A pipeline can fail for many reasons, but the most common culprits are data delay and data corruption. When an outage occurs, finding and repairing the issue quickly will greatly reduce its impact. At Google, when an outage or SLO violation occurs, we track metrics for MTTD and MTTR. Tracking these metrics indicates how effective we are at detecting and repairing an issue. In the postmortem that follows any outage at Google, we analyze the cause of the outage to elicit any patterns and address sources of operational toil.

This section describes some common failure modes, methods to effectively respond to pipeline failures, and strategies to help you prevent future pipeline failures.

Potential Failure Modes

Delayed data

A pipeline can fail if its input or output is delayed. Without the proper precautions, a downstream job may start running even though it doesn’t have the necessary data. Stale data is almost always better than incorrect data. If your pipeline processes incomplete or corrupt data, errors will propagate downstream. Restoring or reprocessing bad data takes time and can prolong an outage. Instead, if your pipeline stalls, waits for data, and then resumes once the data becomes available, the data remains high quality. Creating data dependencies that are respected by all stages is important.

Depending on the type of pipeline, the impact of delayed data can range from stale application data to stalled pipelines. In batch processing pipelines, each stage waits for its predecessor to finish before it begins. Streaming systems are more flexible: using event-time processing, such as Dataflow, a downstream stage can start a portion of work as soon as the corresponding upstream portion completes, rather than waiting for all portions to complete.

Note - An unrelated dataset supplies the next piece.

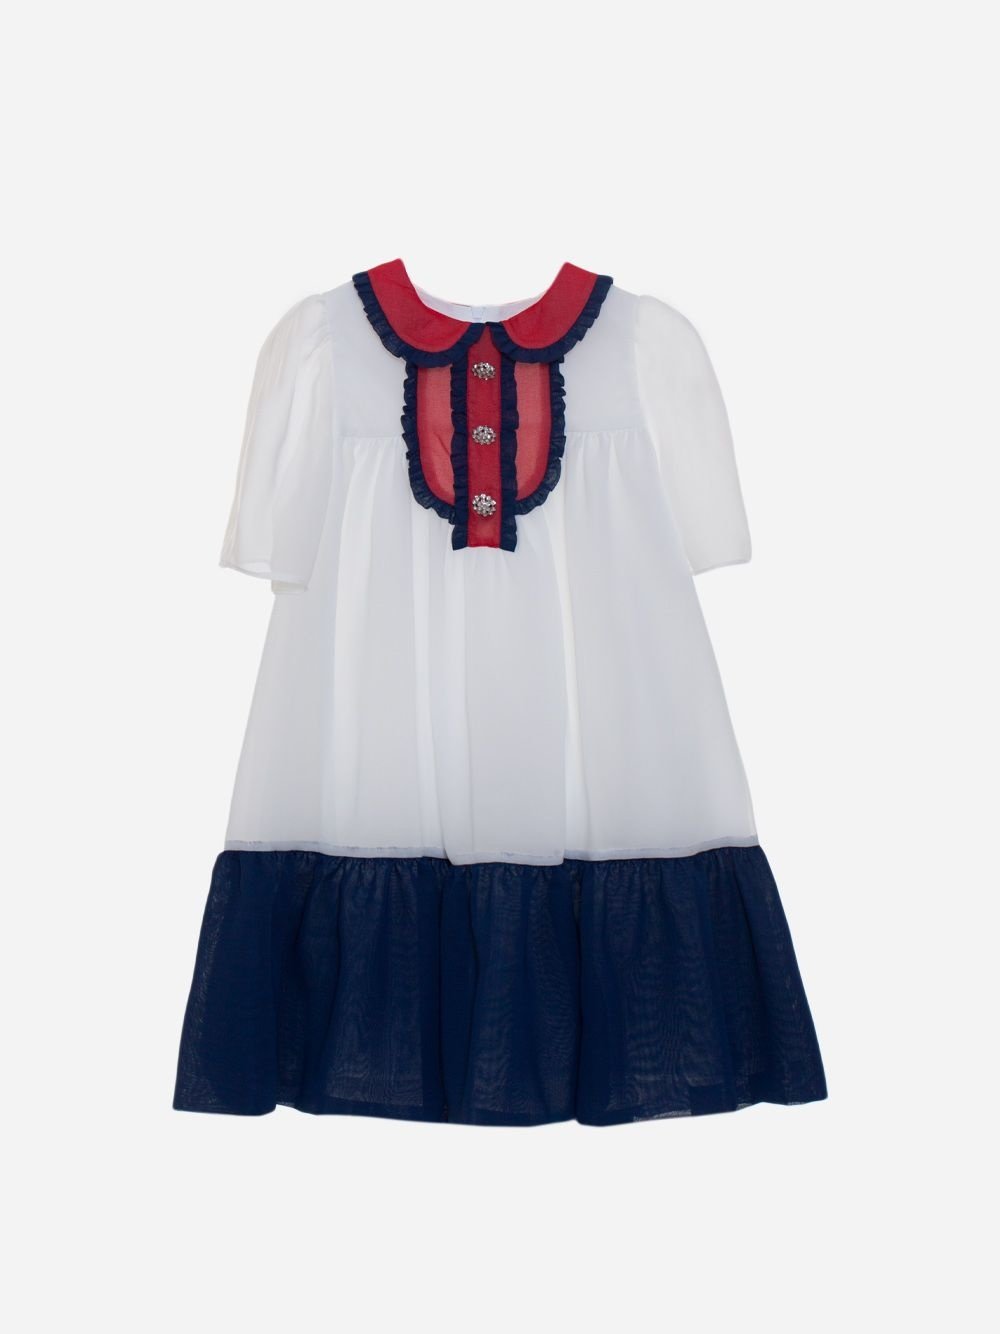 PATACHOU - Girls Party Yatch Dress In White, Red And Marine
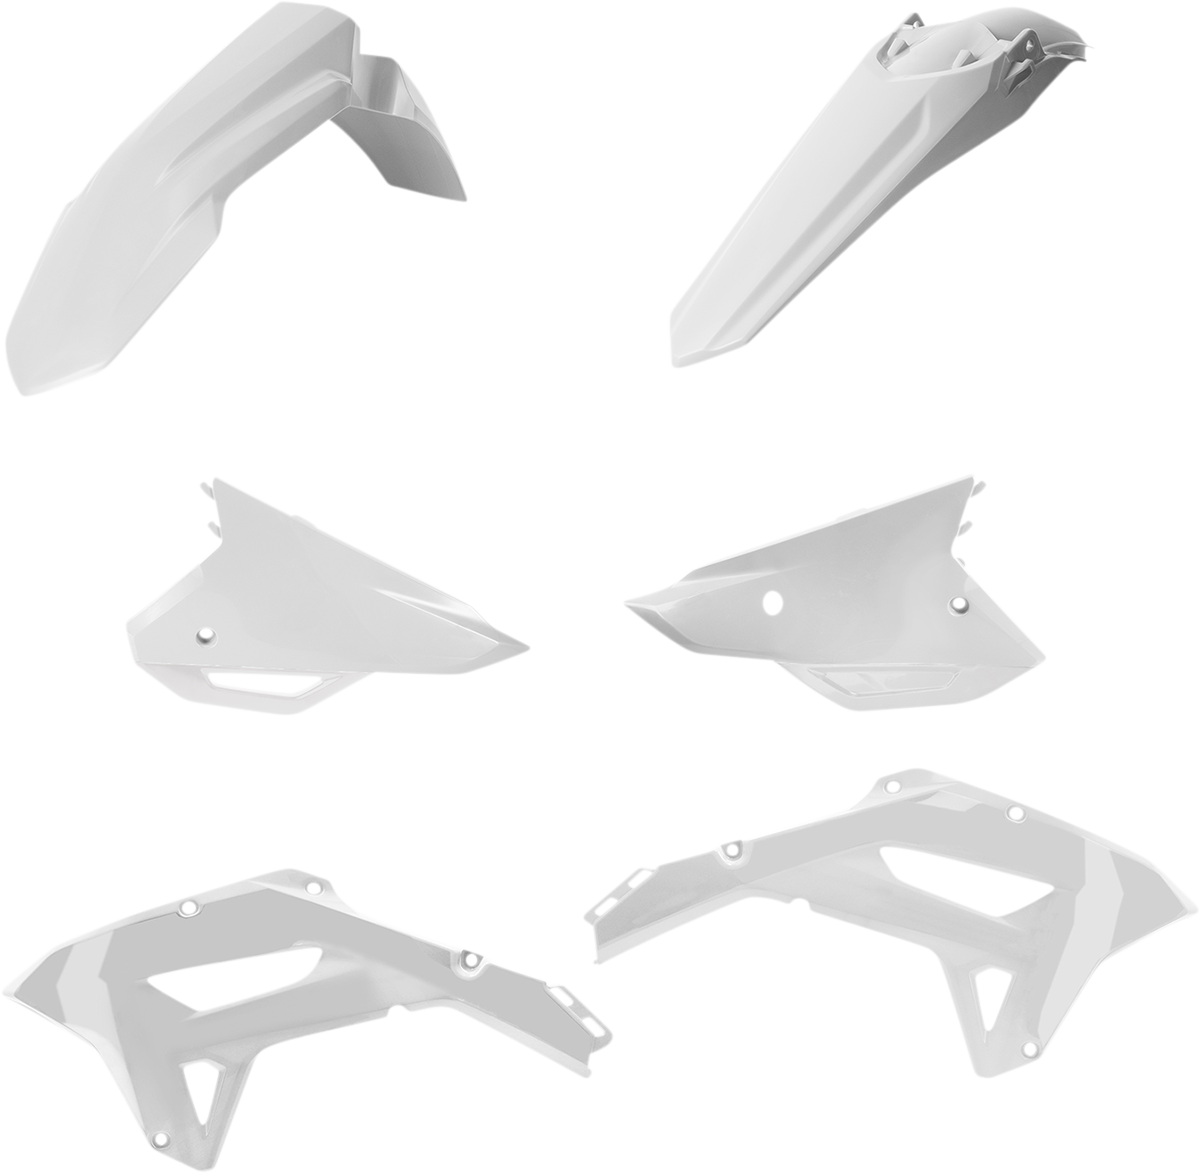 ACERBIS Standard Replacement Body Kit - White 2861790002

When an outage of this nature occurs, you will likely need to notify any dependent services. If the outage is user-visible, you may also have to notify your customers. When you’re debugging pipeline outages, it’s helpful to see the progress of current and past pipeline runs, and to have direct links to log files and a diagram of the flow of data. It’s also useful to be able to trace a unit of work through the system while analyzing its counters and statistics.

Corrupt data

If undetected, corrupt pipeline data (input and/or output) can cause user-facing issues. You can circumvent many user-facing issues by having tests that identify corrupt data in place, and using logic that alerts you to potential corruption. For example, pipeline systems can implement blocking policies and abuse/spam detection to automatically or manually filter out bad sources of data.

Corrupt data can have many causes: software bugs, data incompatibility, unavailable regions, configuration bugs, and so on. There are two main steps involved in fixing corrupt data:

  1. Mitigate the impact by preventing further corrupt data from entering the system.

  2. Restore your data from a previously known good version, or reprocess to repair the data.

If a single region is serving corrupt data, you may need to drain your serving jobs and/or data processing from that region. If a software or configuration bug is at fault, you may need to quickly roll back the relevant binary. Often, data corruption can cause windows of data that are incorrect and need to be reprocessed once the underlying issue has been fixed, such as fixing a software bug in a pipeline binary. To reduce the cost of reprocessing, consider selective reprocessing—read in and process only the user or account information impacted by the data corruption. Alternatively, you could persist some intermediate data that can serve as a checkpoint to avoid reprocessing a pipeline from end to end.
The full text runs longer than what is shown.